Magari arrivo un po’ in ritardo. Ma ho voluto pensarci e capire cosa ne pensavano amici che ho sentito tutti molto preoccupati per quanto accaduto giovedì sera da Santoro e per le conseguenze che ne potrebbero derivare. Personalmente, non credo molto allo spostamento di voti come esito immediato delle performance televisive. A medio-lungo termine la tv incide eccome, a breve o brevissimo non lo credo. Quindi lascerei le storie del recupero prodigioso di Berlusconi ai Sallusti, Feltri, Gelmini che a raccontare balle sono così abituati da crederci loro stessi e mi occuperei d’altro, senza ovviamente abbassare la guardia e trascurare i pericoli.
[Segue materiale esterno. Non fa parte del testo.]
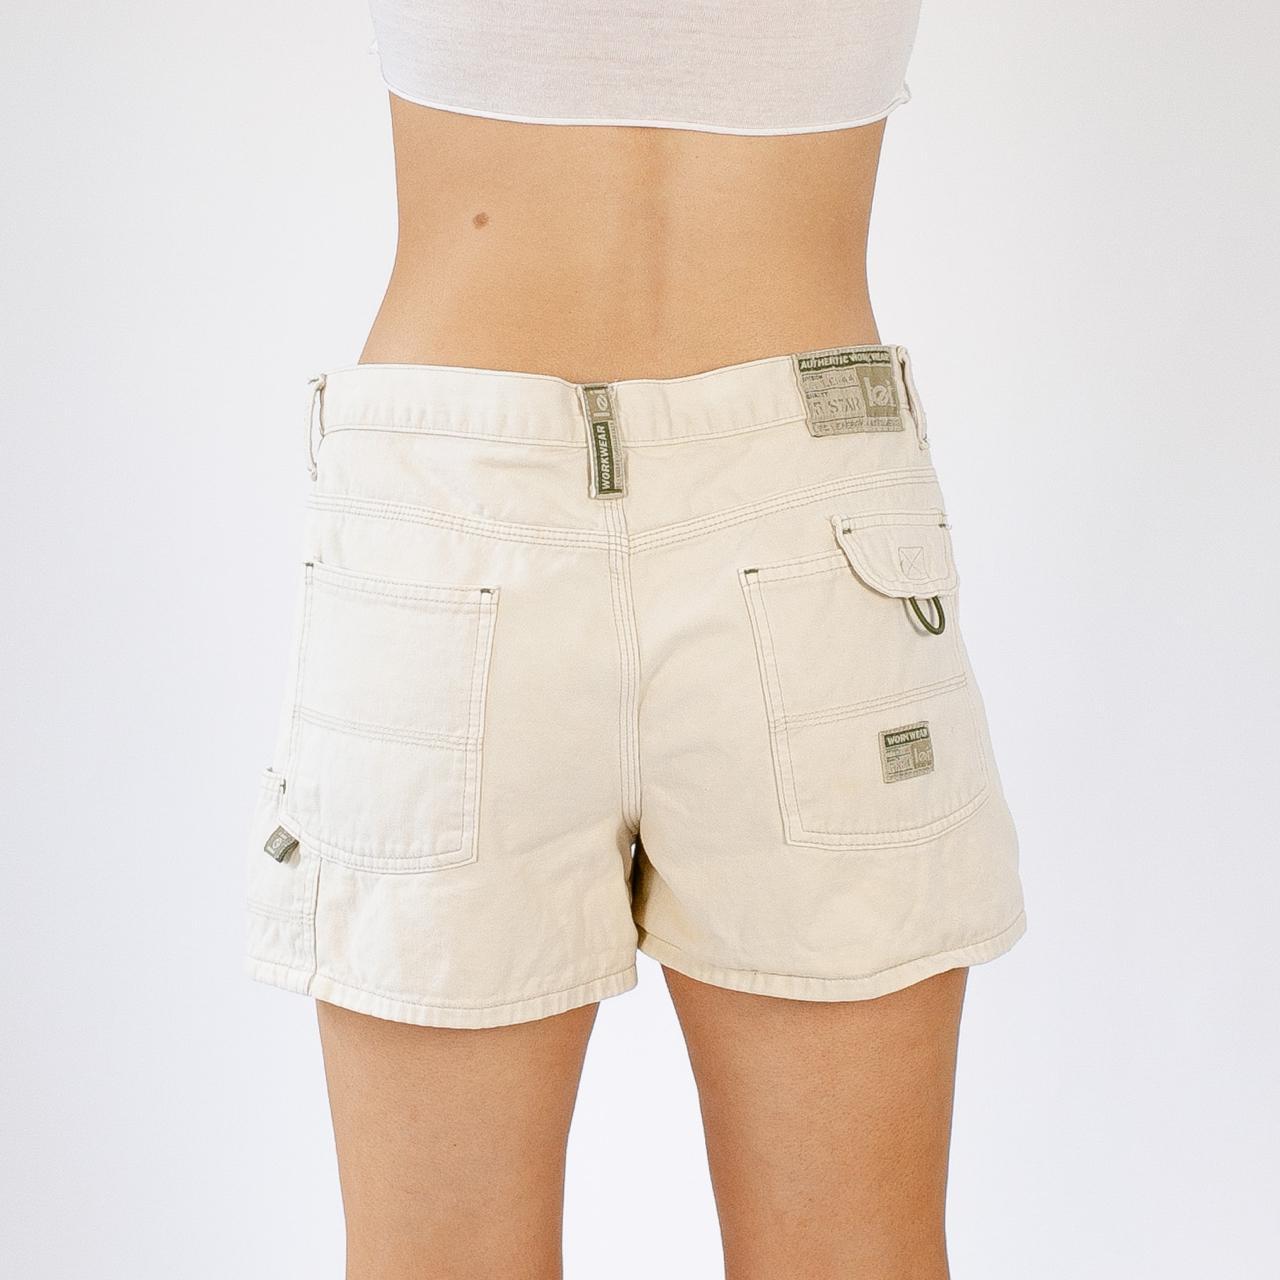 L.e.i. Women's Tan and Brown Shorts
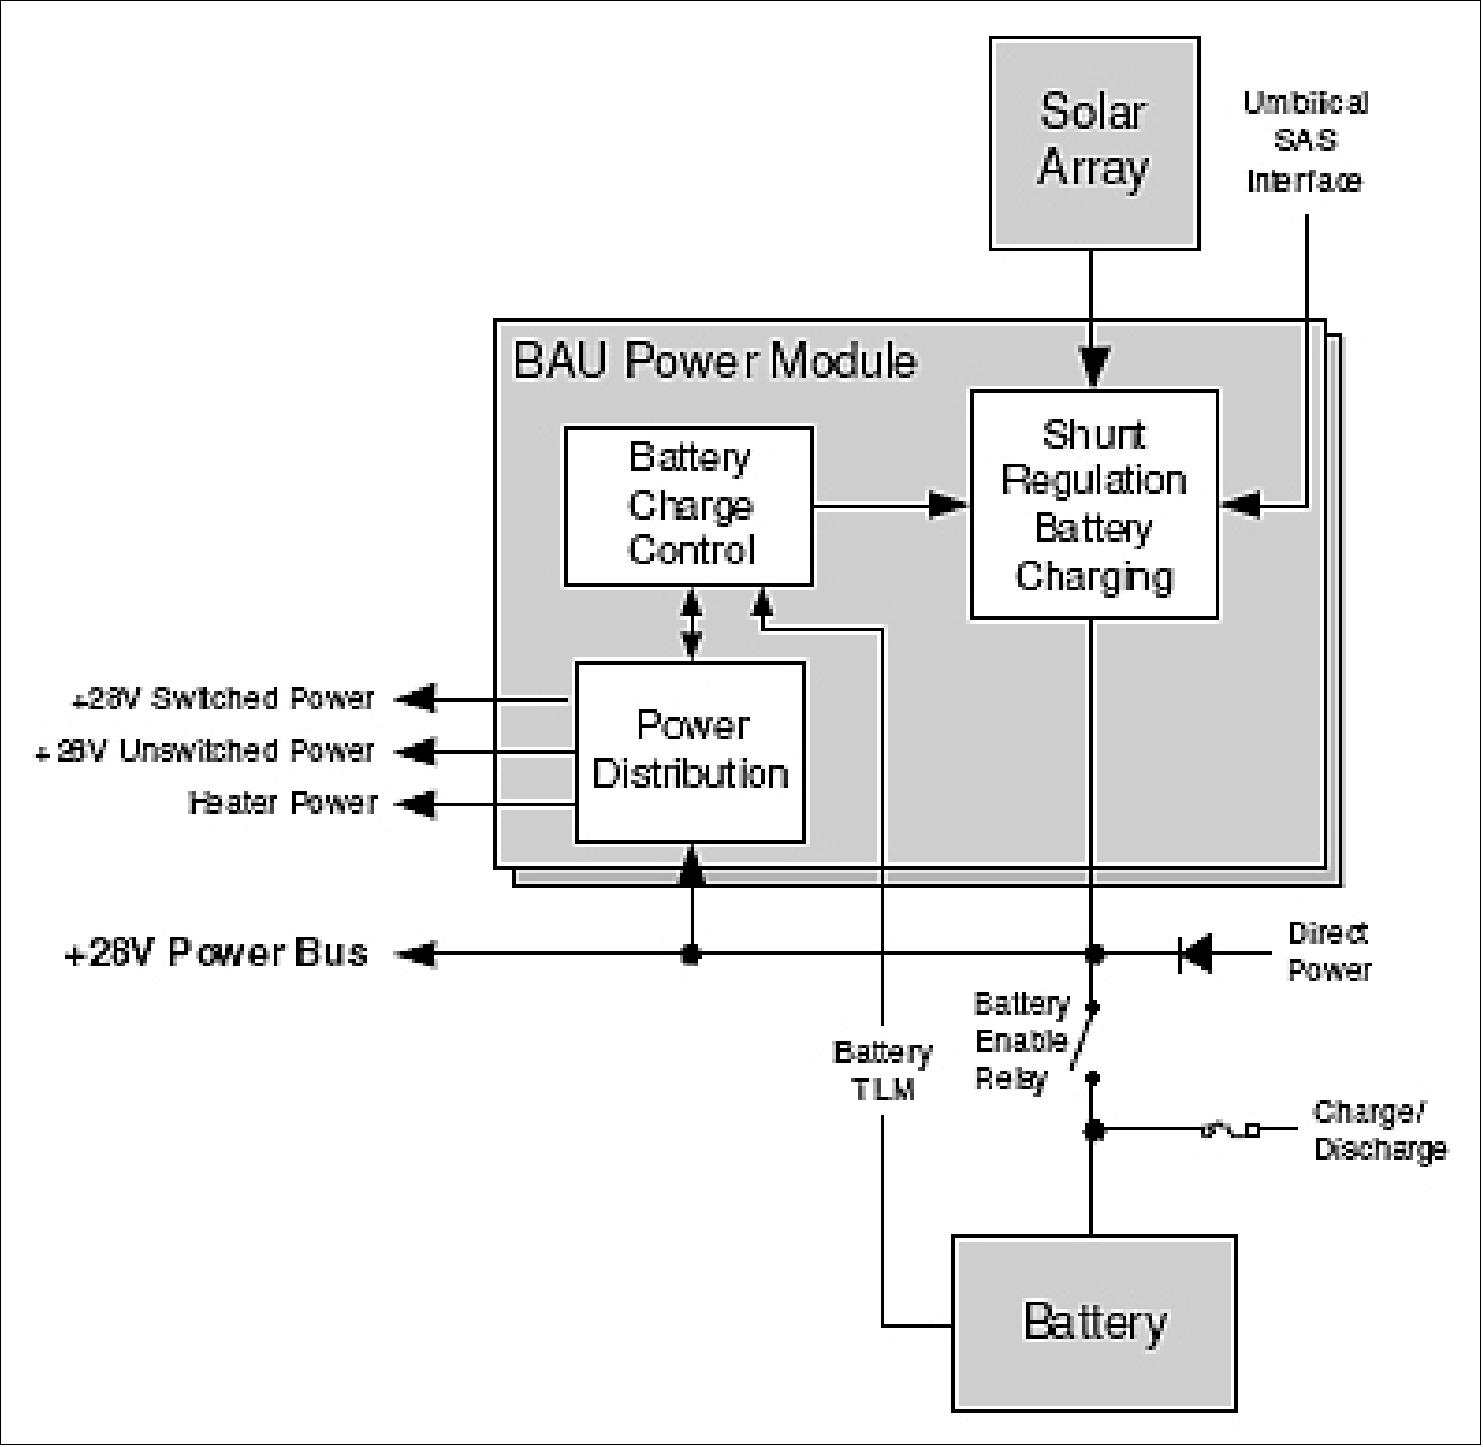 Figure 6: Block diagram of the power subsystem (image credit: ATK Space, Ref. 67)

C’è invece un aspetto di ciò che ho visto giovedì sera che mi preoccupa molto e che mi sembra sia stato trascurato nei commenti. Si tratta della qualità dello spettacolo. Uno spettacolo più che brutto, indecoroso, triste, vecchio, più che provinciale, strapaesano. Scritto male e recitato peggio, con dei buchi e degli errori drammaturgici clamorosi: che senso ha mettere in scena una brava interprete come la Costamagna e non darle una parte? Che cosa significa parlare per mezz’ora di riforma della Costituzione senza che ci sia qualcuno che ricorda che le riforme costituzionali richiedono il consenso dei due terzi del Parlamento e non la semplice maggioranza? Uno spettacolo sciocco, incline tanto al volgare quanto al puerile, in cui il protagonista prima si concede il gesto osceno del pulire la sedia su cui è stato seduto il suo avversario (come faceva Borghezio con i sedili del treno su cui erano passate le donne extracomunitarie), e poco dopo, per rispondere a un epiteto offensivo, ricorre alla formula “chi lo dice sa di esserlo”.
Giuro che non credevo alle mie orecchie: non sentivo quella frase dal tempo delle mie scuole elementari e – ahimè – sono passati un po’ di anni. Eppure una simile baracconata il pubblico in massa se l’è bevuta tutta d’un fiato e fino alla fine, con il picco d’ascolto a mezzanotte, senza ribellarsi, anzi regalandole record di ascolto, vivendola. Ecco, questo è quello che più mi preoccupa, non in chiave elettorale ma politica. Anche se, come penso e spero, non sarà la serata di giovedì a decidere le elezioni, l’idea che quella serata sia stata vissuta come l’autobiografia della nazione (la definizione è di Formigli), mi dice che chi governerà avrà un compito ben arduo per riportare la nazione sulla strada della maturità civile.